Some unanswered questions remain in bats: Do bats avoid their sick conspecifics? What are the cues and the mechanisms of recognition that mediate avoidance? What is the cost-benefit balance between conspecific avoidance and forgoing beneficial social interactions (e.g., see (49))? Given that bat species vary in which sensory system is predominantly used, does infection perception occur in the predominantly used sensory modality or in a single system (e.g., olfactory perception) regardless of which sensory modality is most frequently used in other aspects of the bats’ life?

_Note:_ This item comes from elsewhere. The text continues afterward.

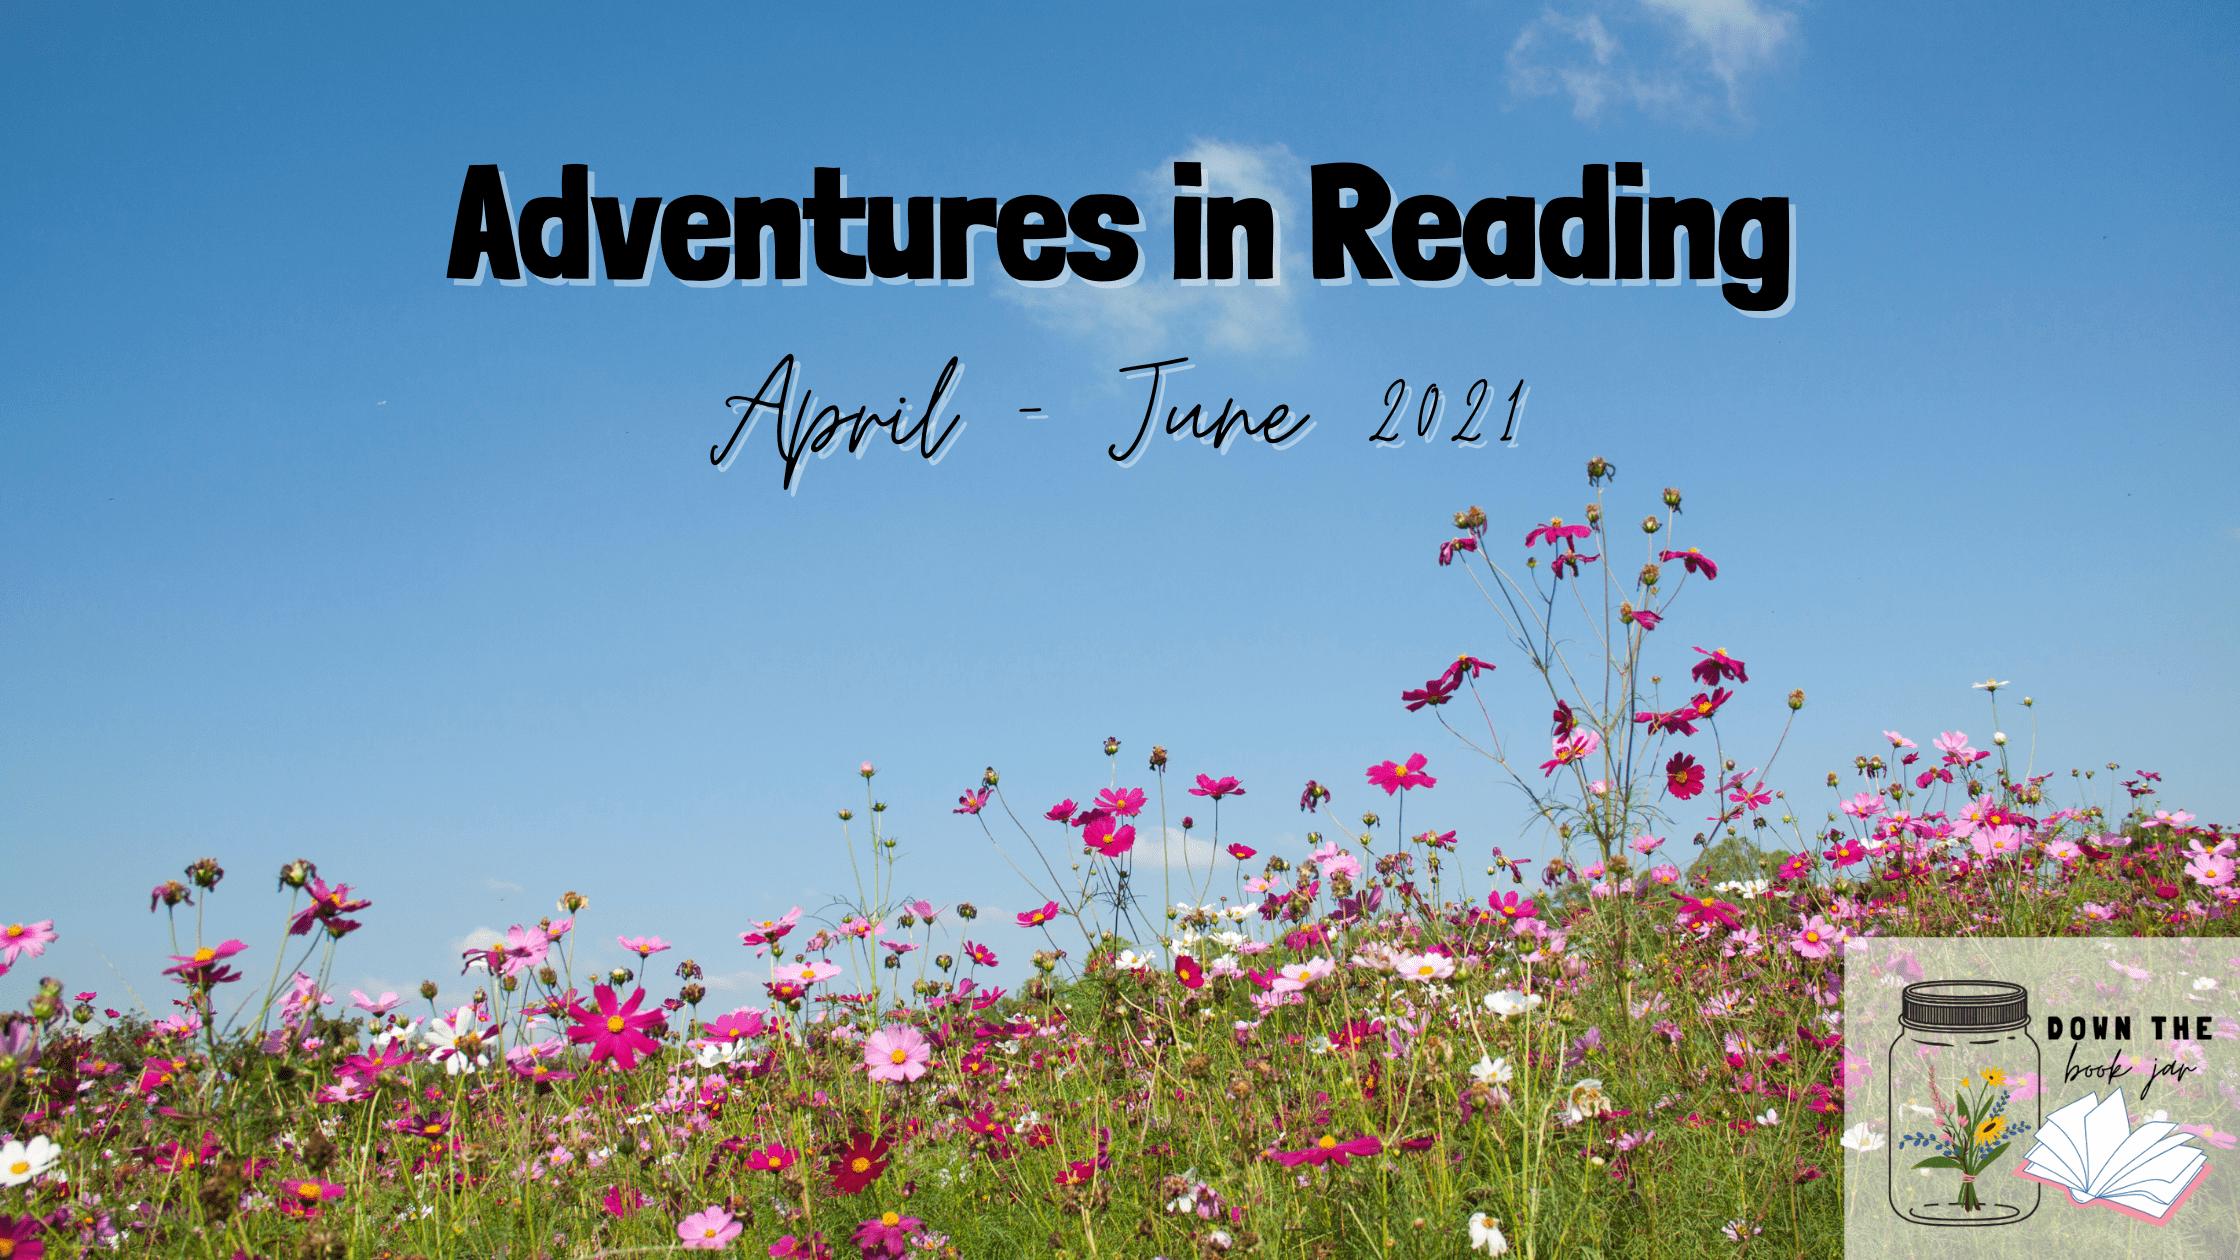 Adventures in Reading – April through June 2021

Most bat species are social (78) and their propensity to live in social groups could (i) affect their immune-system and increase resistance, and/or (ii) help them mitigate negative effects of infection (i.e., increased tolerance), Research suggests that social integration as opposed to isolation or social adversity has a range of fitness benefits and can alter the regulation of the immune response (reviewed in (79)). For instance, experimental studies in primates suggest that increased social adversity leads to increased expression of genes linked to the inflammatory response (80, 81). While research aimed at understanding the interplay of social group living and immunity is gaining traction, studies in bats are lacking. How does living in social groups affect bat health positively or negatively, and how are immunological defense mechanisms affected by bat social interactions? Because bat species vary in their level of sociality (78), this could be addressed in comparative studies evaluating immune traits in relation to sociality. Another intriguing research avenue is “immune-priming” in response to perceived infection of conspecifics (82). This anticipatory response has been observed in several taxa (82–84). For instance, in humans, perception of disease related cues triggers the immune system to mount a stronger response (83). Due to their high levels of sociality, bats are presumably often exposed to infected conspecifics. How does their immune system respond to this exposure? Similarly, social interactions with infected others (e.g., food sharing or grooming) could lead to low-dose exposure, priming the immune system for subsequent encounters with the same pathogen.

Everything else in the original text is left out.